Parliament’s up until Budget week now. The polls are grim. “If the Budget sinks like a stone, then the argument that the Coalition will have already lost will be clinched,” Mark Bahnisch wrote recently. Or is that just a little too simple?
Are nice, polite, middle-class Liberal voters punishing the government for putting the boot too hard into Kevin Rudd? Do these people feel sorry for the Ruddster, turned off by the extent of the negative campaign against him?
Many people round the House are pointing the finger at Tony Abbott for his SMH piece on Rudd’s personal narrative.
That’s unfair. Everyone seems to have ignored his conclusion: “Rudd’s real test won’t be how he handles consorting allegations. It will be explaining how it’s possible to tear up workplace agreements and halve greenhouse gas emissions without sabotaging the economy. Politicians can’t win holiness contests and shouldn’t try.”
The bloke who really did the damage was the Treasurer. His shrill hyperbole in Question Time ridiculously raised the ante and sacked Ian Campbell. His frustrations are damaging the Government.
Labor has no scruples about going in hard. Just look at Morris Iemma’s campaign against Peter Debnam. Their traditional supporters lap it up.
Liberal voters, though, just don’t like the mean and nasty – particularly many Liberal voters in what should be blue ribbon territory. This isn’t just a doctors’ wives thing. It’s a matter of manners, more than anything.

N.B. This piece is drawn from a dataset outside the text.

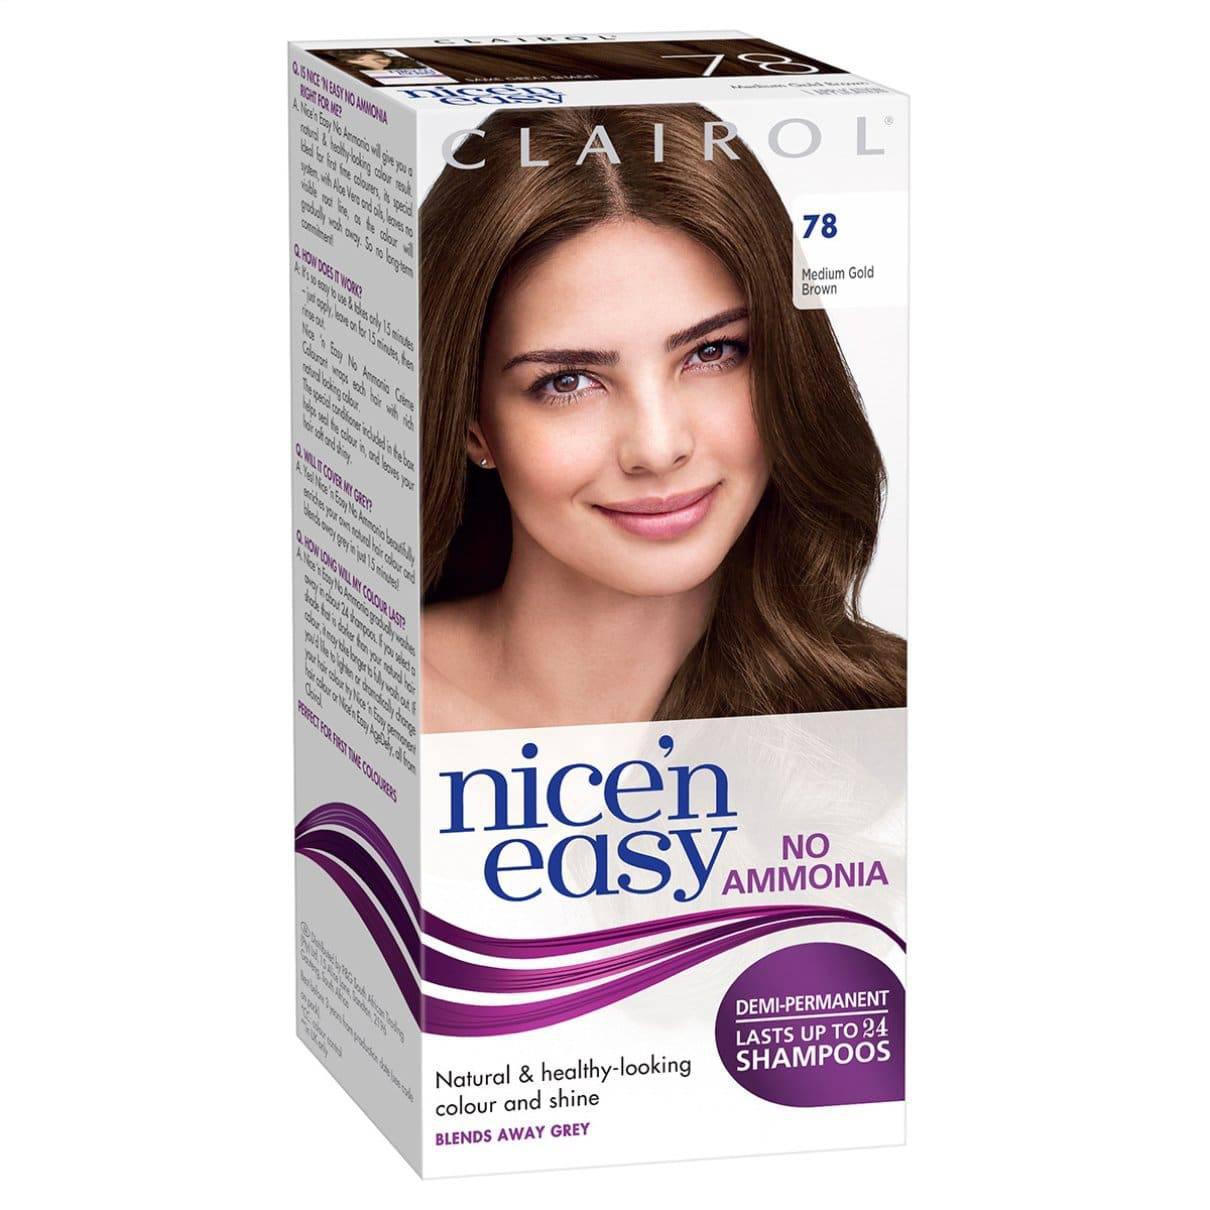 Clairol Nice N Easy No Ammonia Semi-Permanent Hair Dye - 78 Medium Golden Brown - Healthxpress.ie

These voters feel outraged our disgusted by the behaviour of their own. They feel the Government should “stick to the issues” or “campaign on their record”, that “people don’t deserve this kind of treatment”.
The Liberals low primary vote in all the polls is a symptom of this.
From now on, though, the growing focus will be on the Budget. If the government can assemble something decent – and flog it properly – just watch those numbers climb. (Of course, if they don’t, then it’s every Coalition MP for themselves.)